RECORD EXCERPTS:
------------------------------------------------

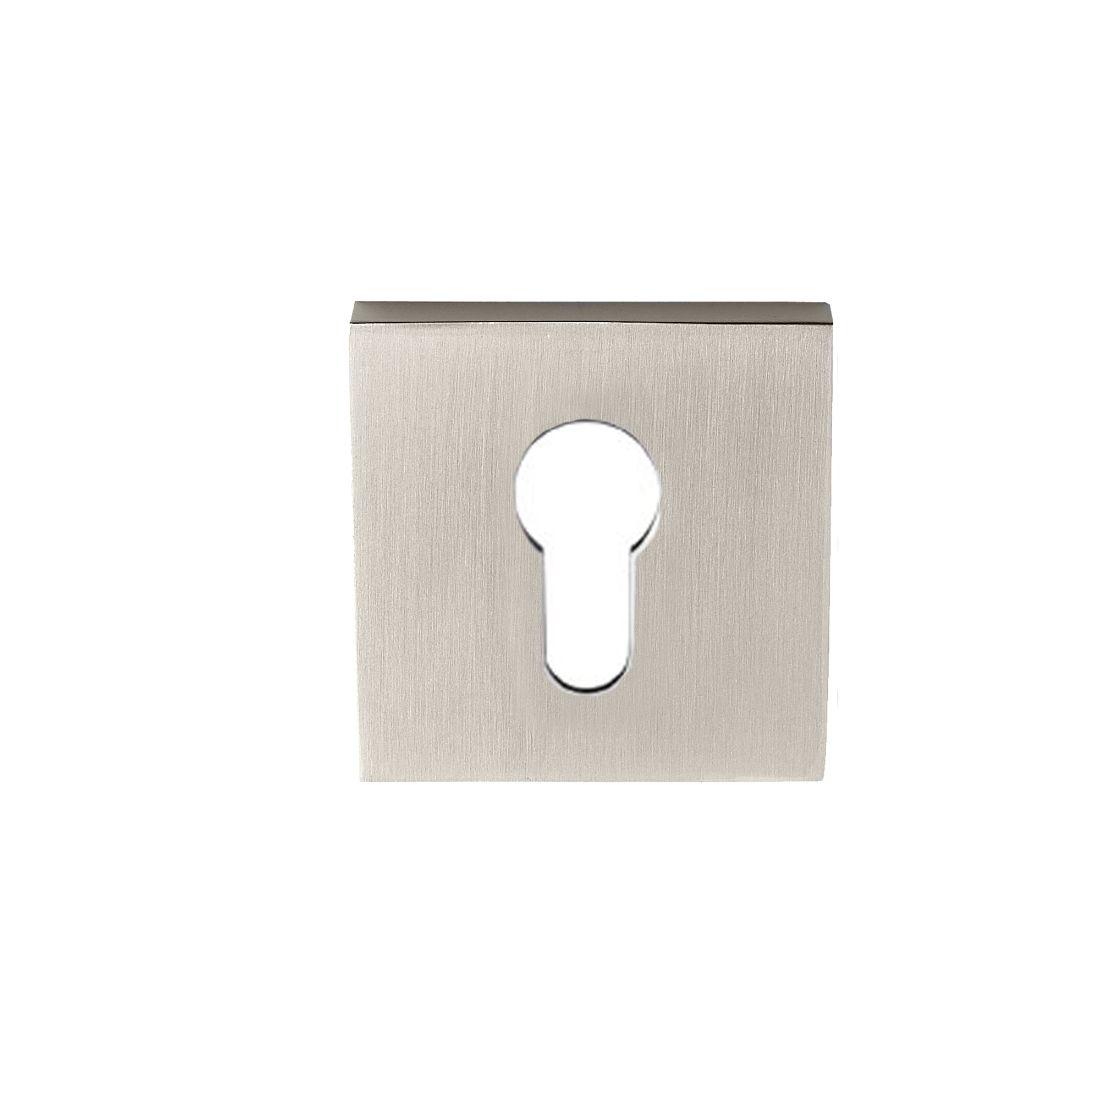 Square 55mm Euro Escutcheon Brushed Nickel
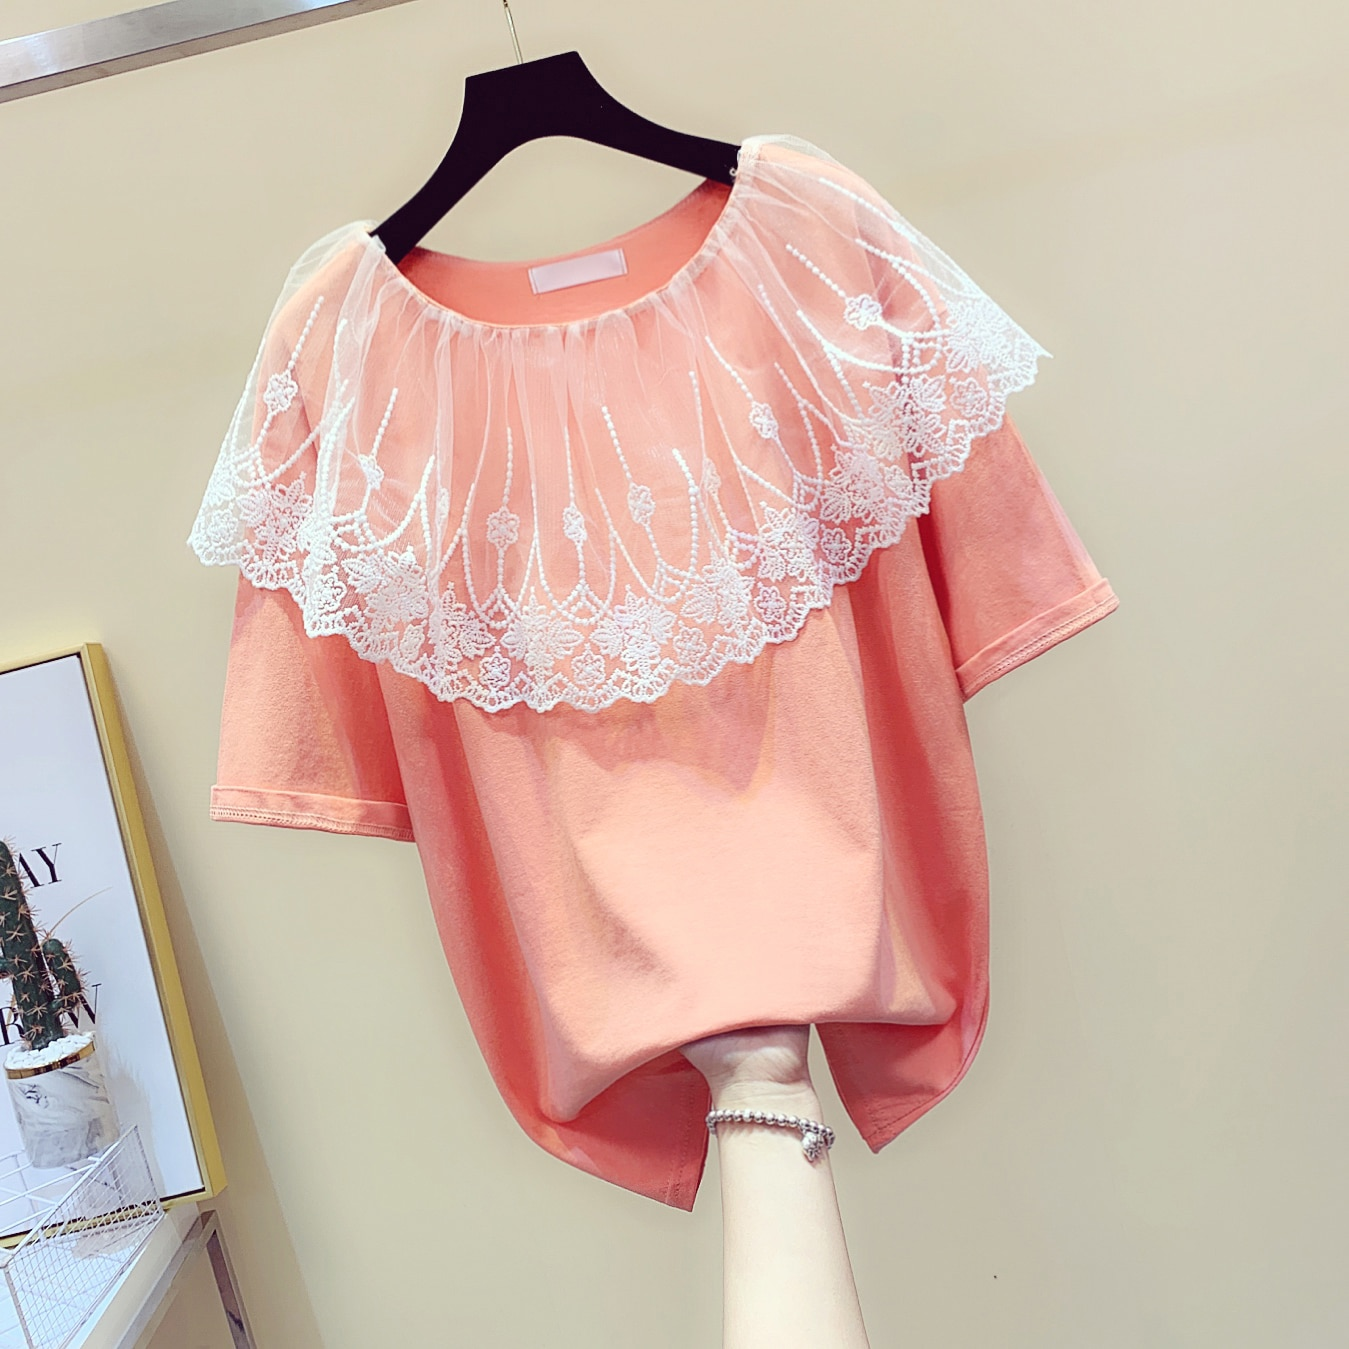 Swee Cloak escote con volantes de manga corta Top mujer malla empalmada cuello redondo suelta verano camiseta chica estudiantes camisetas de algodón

------------------------------------------------

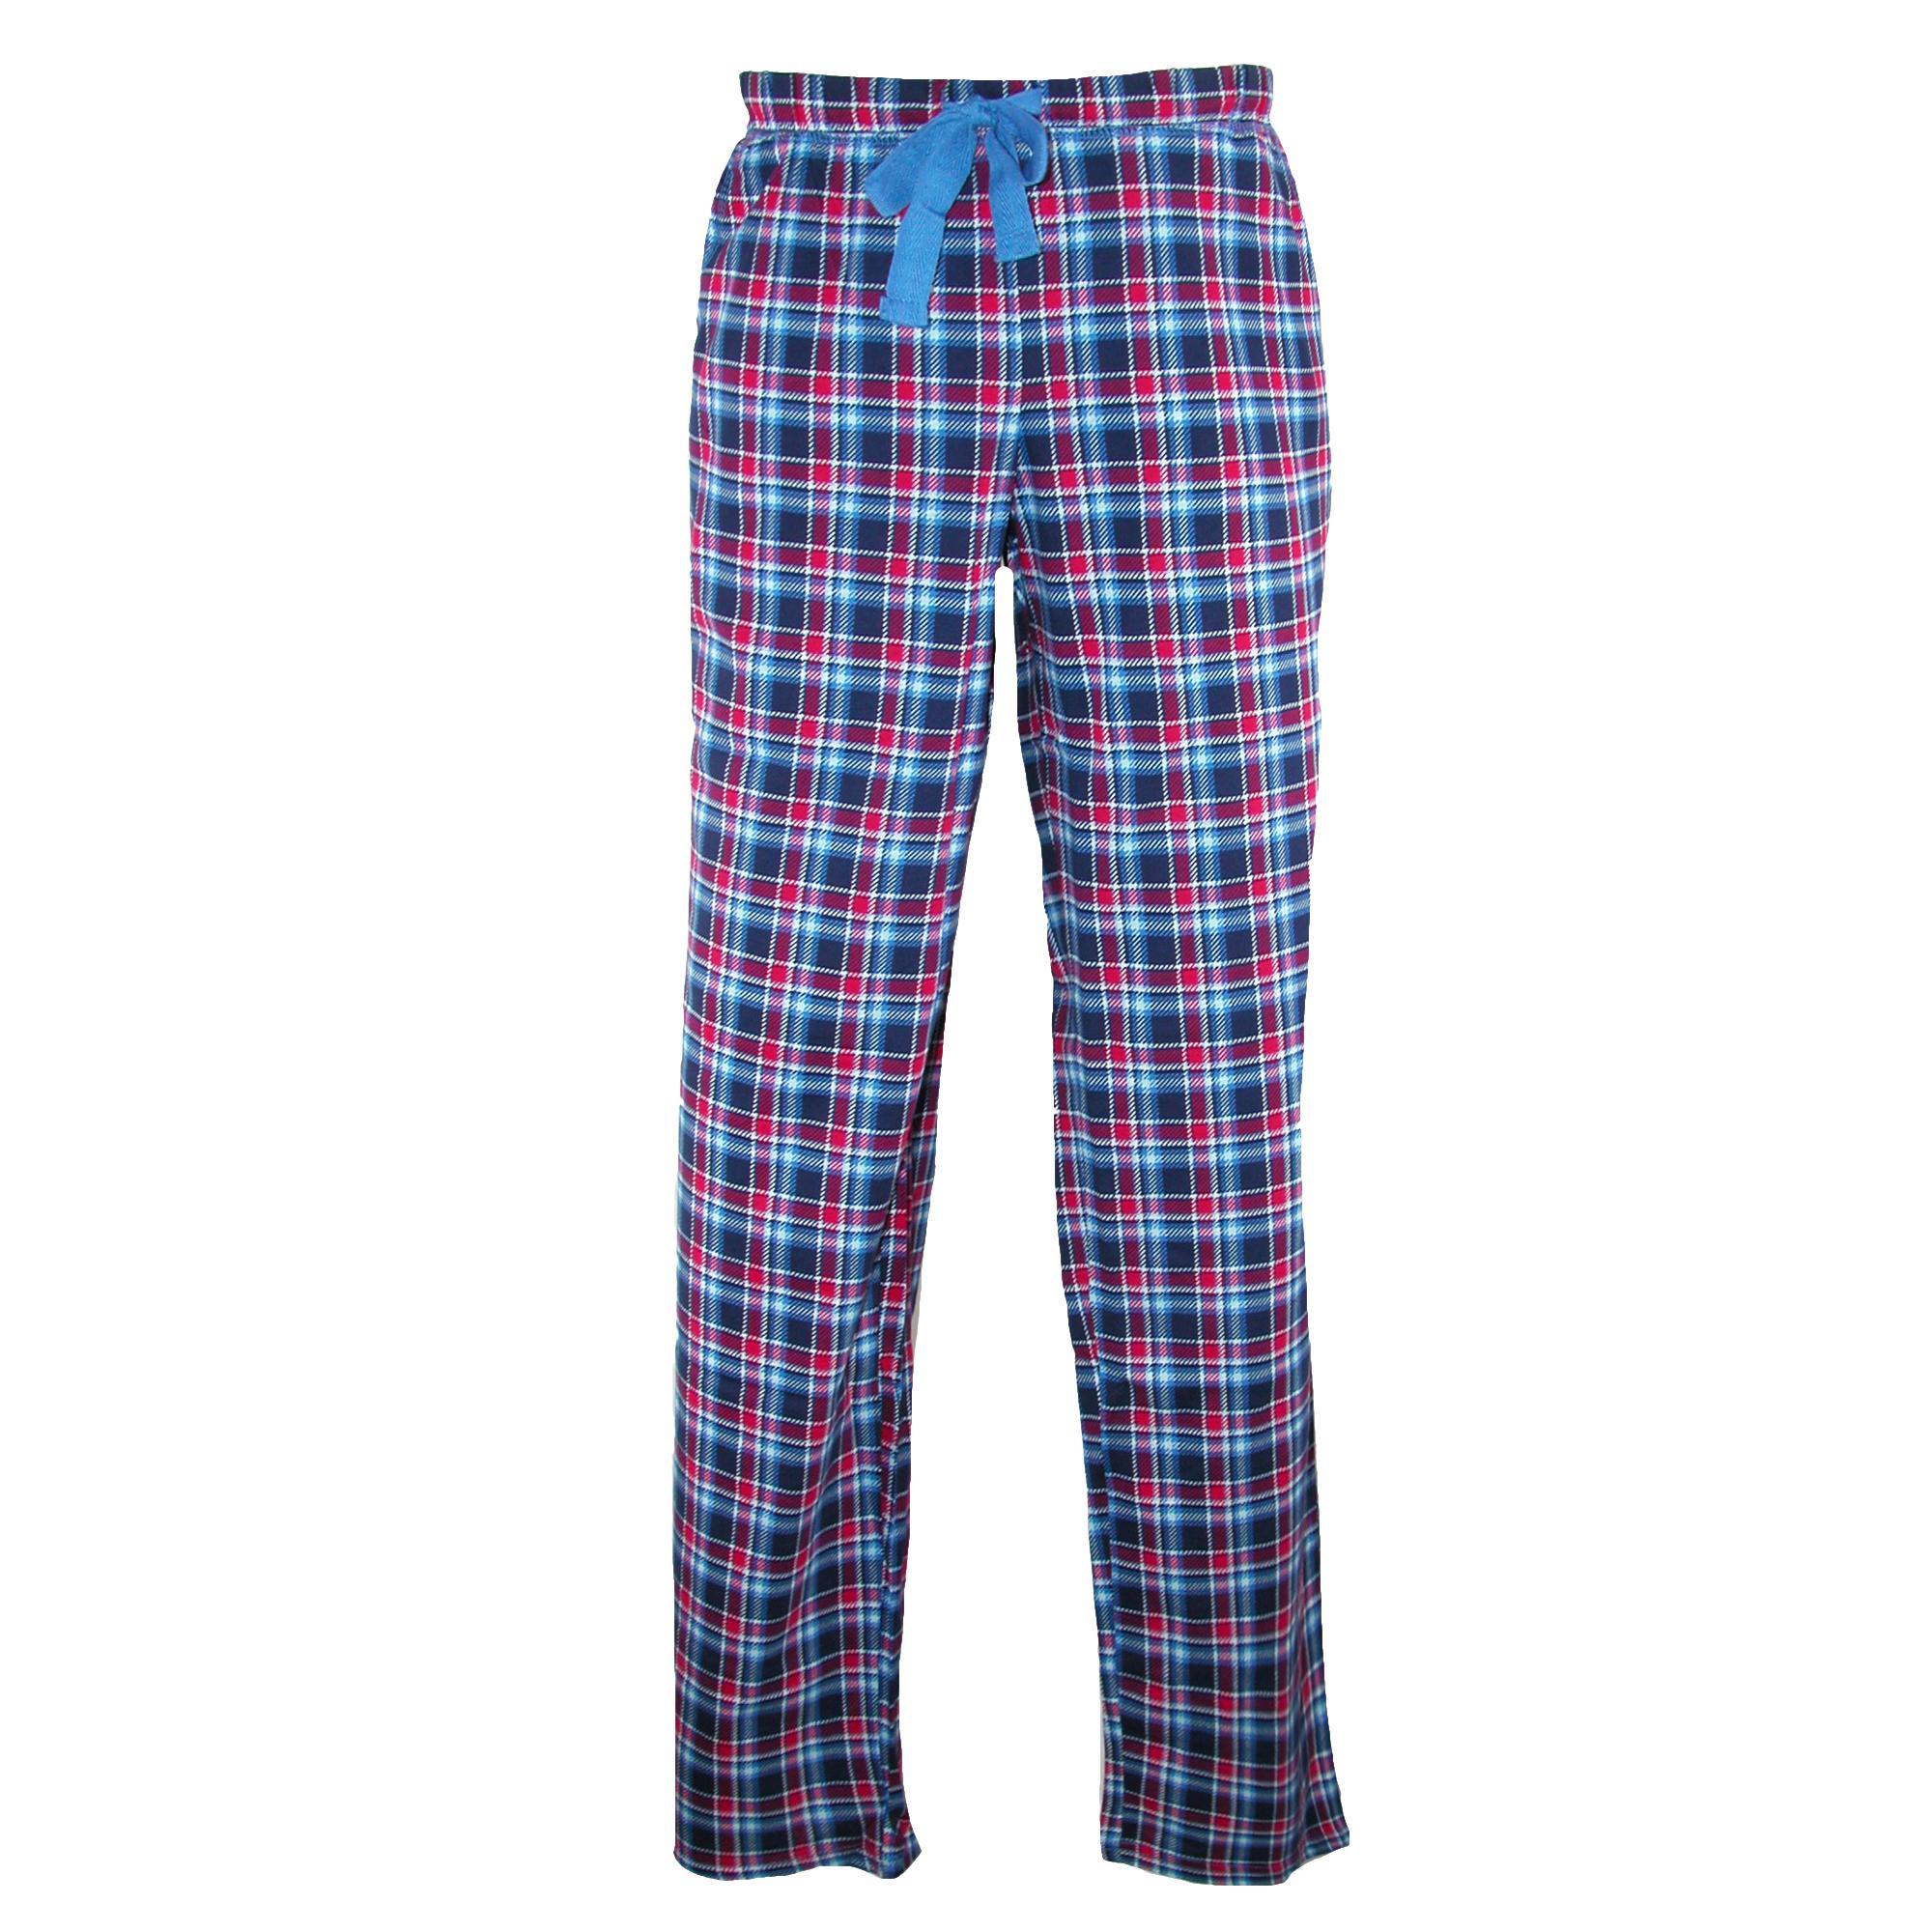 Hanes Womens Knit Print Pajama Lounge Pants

------------------------------------------------

TASK REQUIREMENTS:
Using the records above, return verbatim only the part that opens with the line containing "Square 55mm Euro Escutcheon Brushed Nickel" and closes with the line containing "Swee Cloak escote"; pictures stay out.

ANSWER BOX:
 Square 55mm Euro Escutcheon Brushed Nickel
 Swee Cloak escote con volantes de manga corta Top mujer malla empalmada cuello redondo suelta verano camiseta chica estudiantes camisetas de algodón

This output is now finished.